Submitted by cloneofsimo t3_ykiuq0 in MachineLearning
Hi. Today I've came across this interesting paper https://arxiv.org/abs/2210.16056 that proposes interesting method to combine semantics of text and image in diffusion process.
In short, this mixes "layout" with "content", however unlike style transfer,
>"...semantic mixing aims to fuse multiple semantics into one single object."
I was surprised by the examples they showed, so I wanted to try it but the code wasn't available. I've implemented the method myself, and I wanted to share it here!
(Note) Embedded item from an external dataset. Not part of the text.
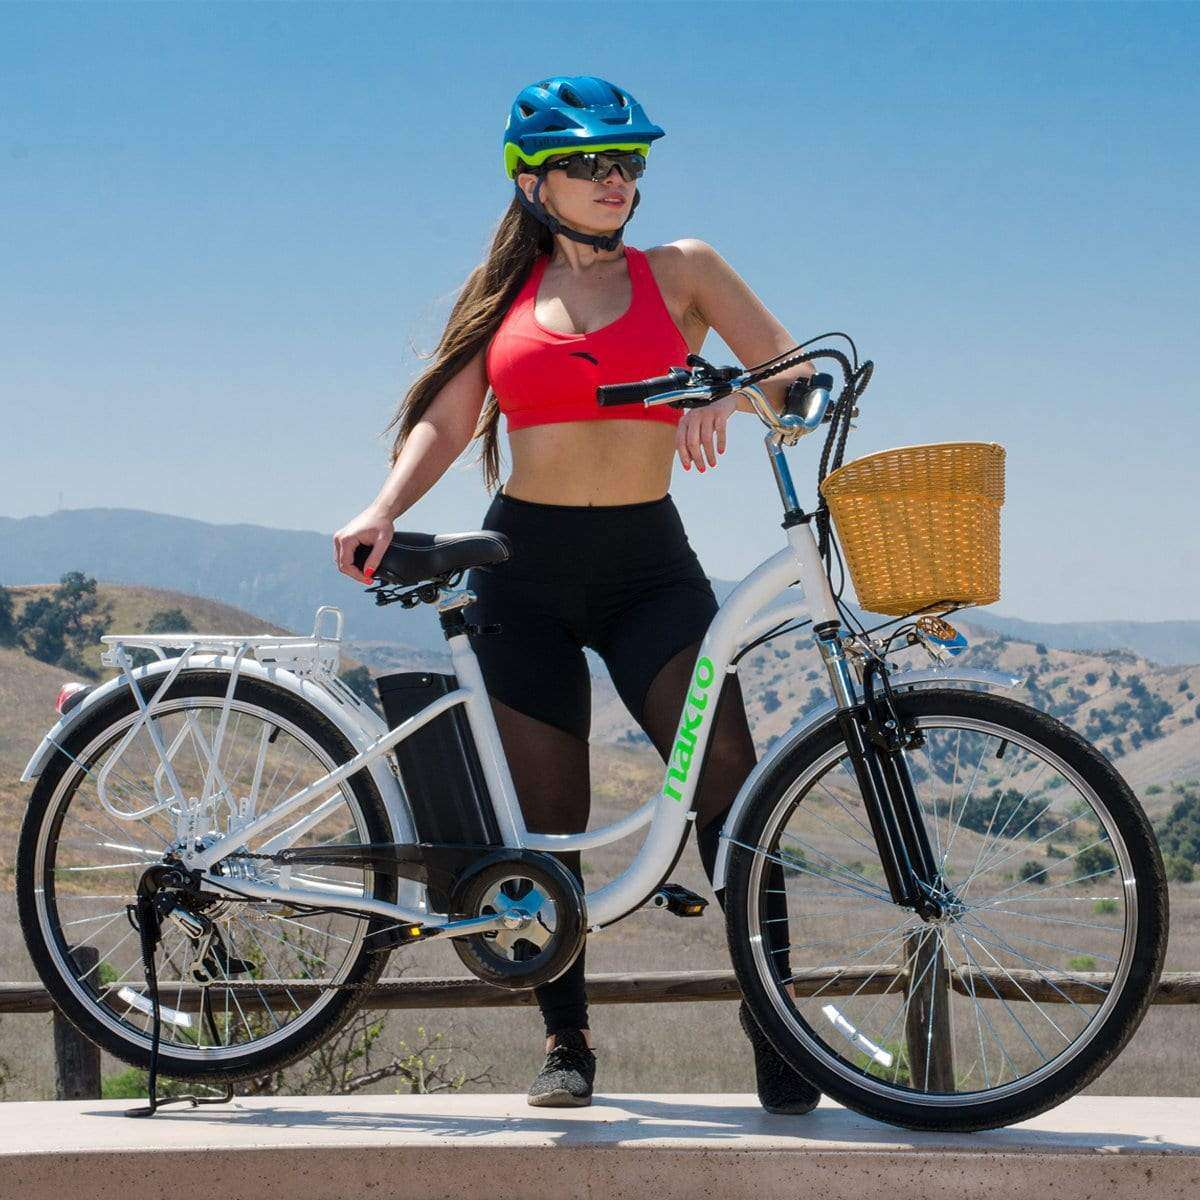 NAKTO 26 inch 250W 19 MPH Camel Electric Bicycle 6 Speed E-Bike 36V Lithium Battery Female/Young Adult White New

https://github.com/cloneofsimo/magicmix
Layout of \"realistic photo of a rabbit\" with content of \"tiger\"
I hope my implementation helps who is reading the paper!
Note: I'm not the author of the paper, and this is not an official implementation
Inevitable-Ad8503 t1_iuth7a3 wrote
Nice. Thanks for taking the time to implement and to share. I get the feeling that this approach will be way more coherent for certain types of content and layout (mayhaps when prompting something like “a tiger and a bunny sitting side by side” and the “traditional” (is it old enough to have traditions yet?) approach will be better for other types, perhaps such as “a tiger and a bunny”, where the intent is what that approach often results in, some interpolation between the two objects; a chimera or mutant.
Or maybe another way to explain is that this MagixMix is akin to orchestration of multiple parts, and the present approach is more akin to a mashup of multiple parts; each has its own strengths and appropriate applications.